> [WORK ITEM] Reproduce every line of the material below, but drop the pictures.

> [DATA EXCERPT]
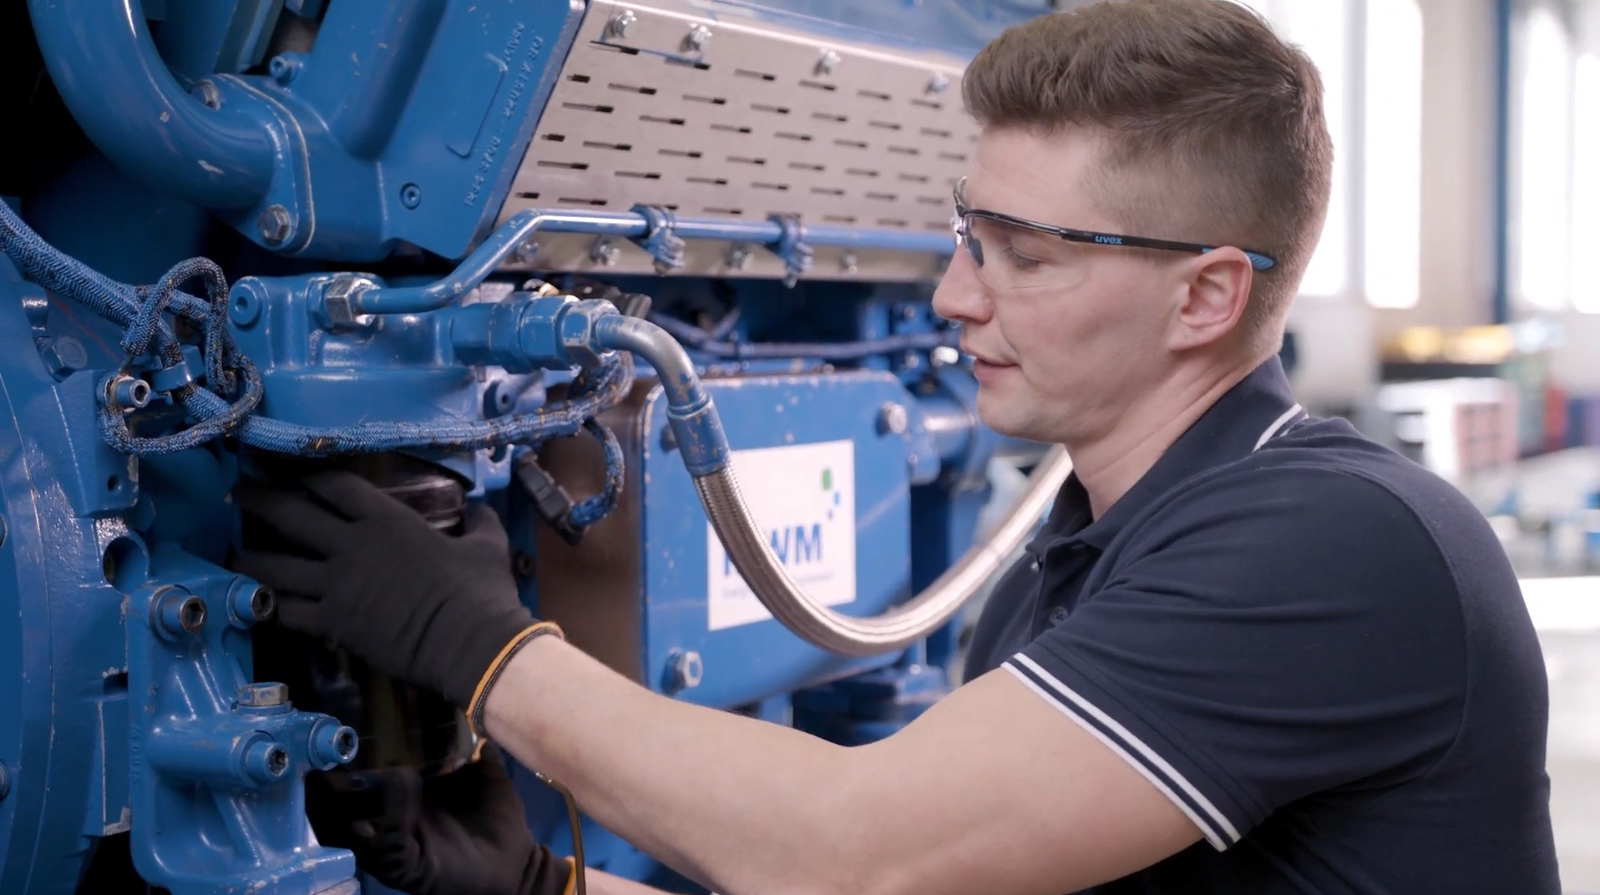 Alexander Klotz, Technical Trainer at the Learning Center Service in Mannheim, explains the replacement of the lube oil filter in the MWM gas engine. 
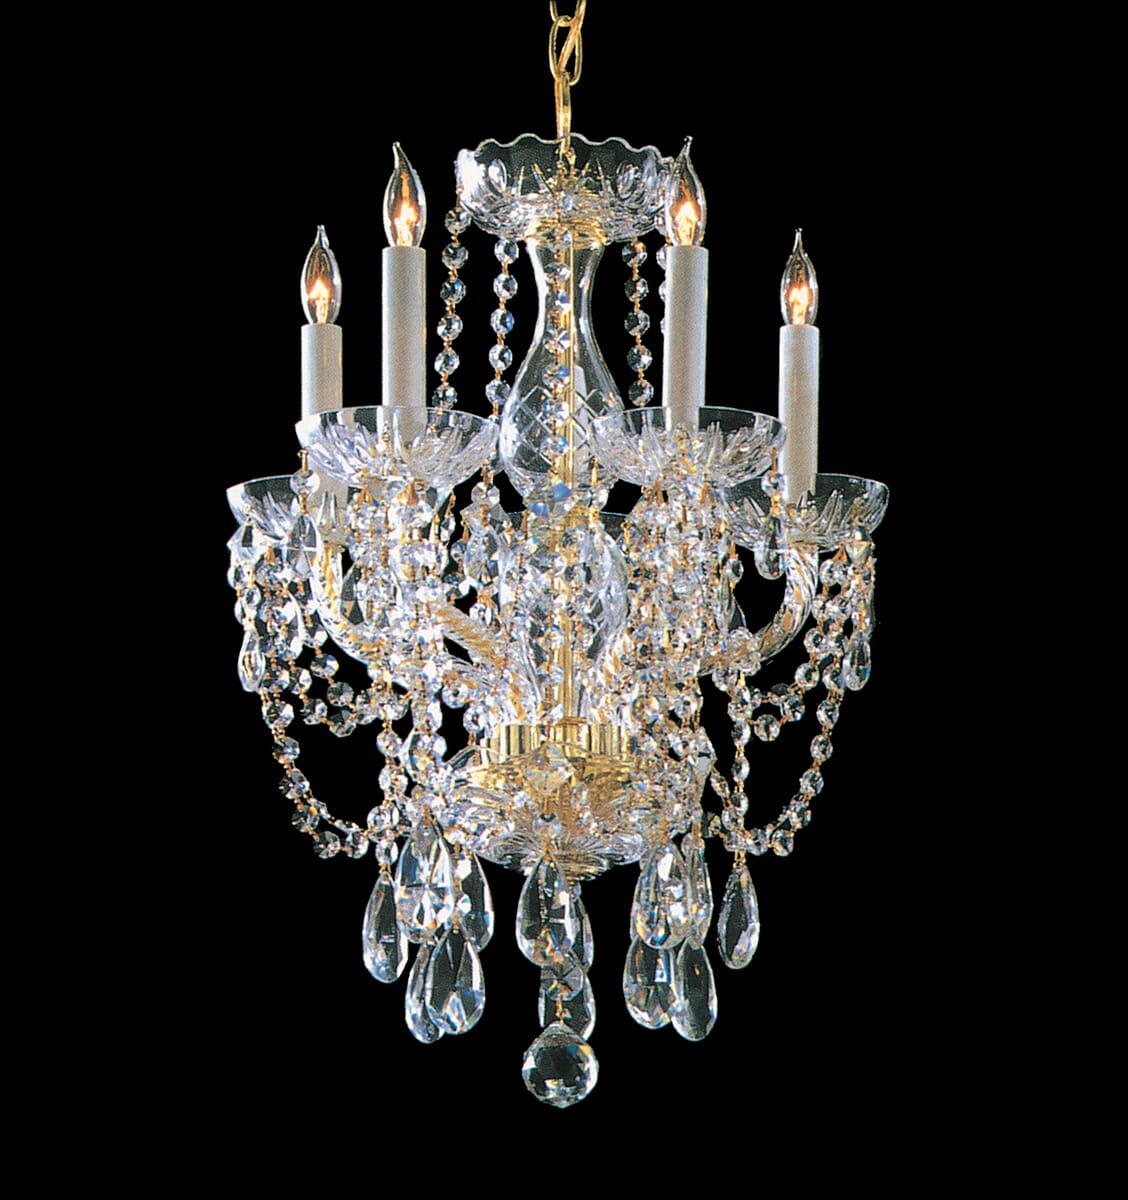 Traditional Crystal 5-Light 20"" Mini Chandelier in Polished Brass with Clear Spectra Crystals -  Crystorama, 1129-PB-CL-SAQ
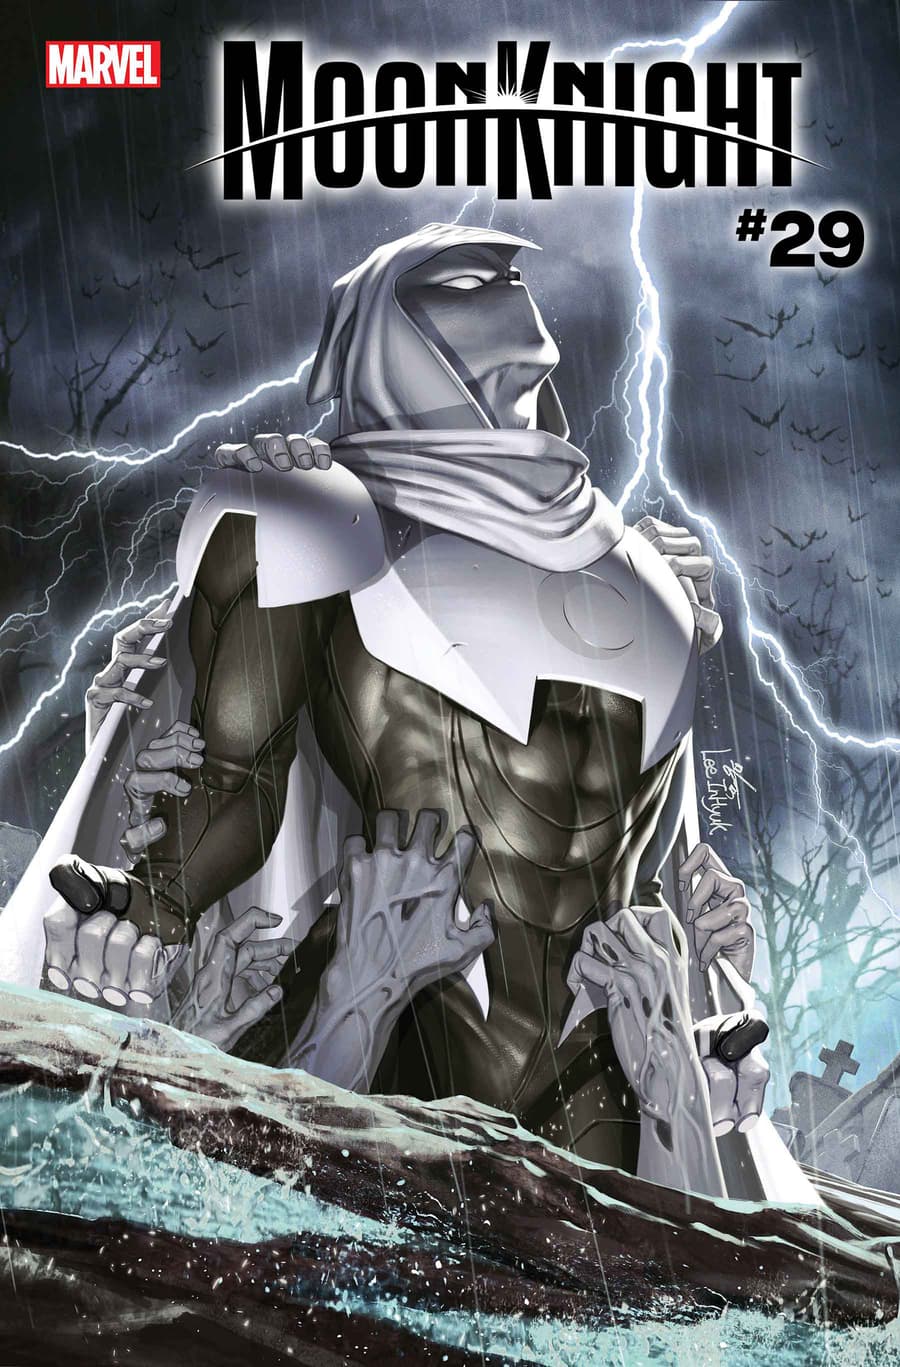 MOON KNIGHT #29 Last Days of Moon Knight Variant Cover by Inhyuk Lee

> [ANSWER TO THIS EXERCISE]
 Alexander Klotz, Technical Trainer at the Learning Center Service in Mannheim, explains the replacement of the lube oil filter in the MWM gas engine. 
 Traditional Crystal 5-Light 20"" Mini Chandelier in Polished Brass with Clear Spectra Crystals -  Crystorama, 1129-PB-CL-SAQ
 MOON KNIGHT #29 Last Days of Moon Knight Variant Cover by Inhyuk Lee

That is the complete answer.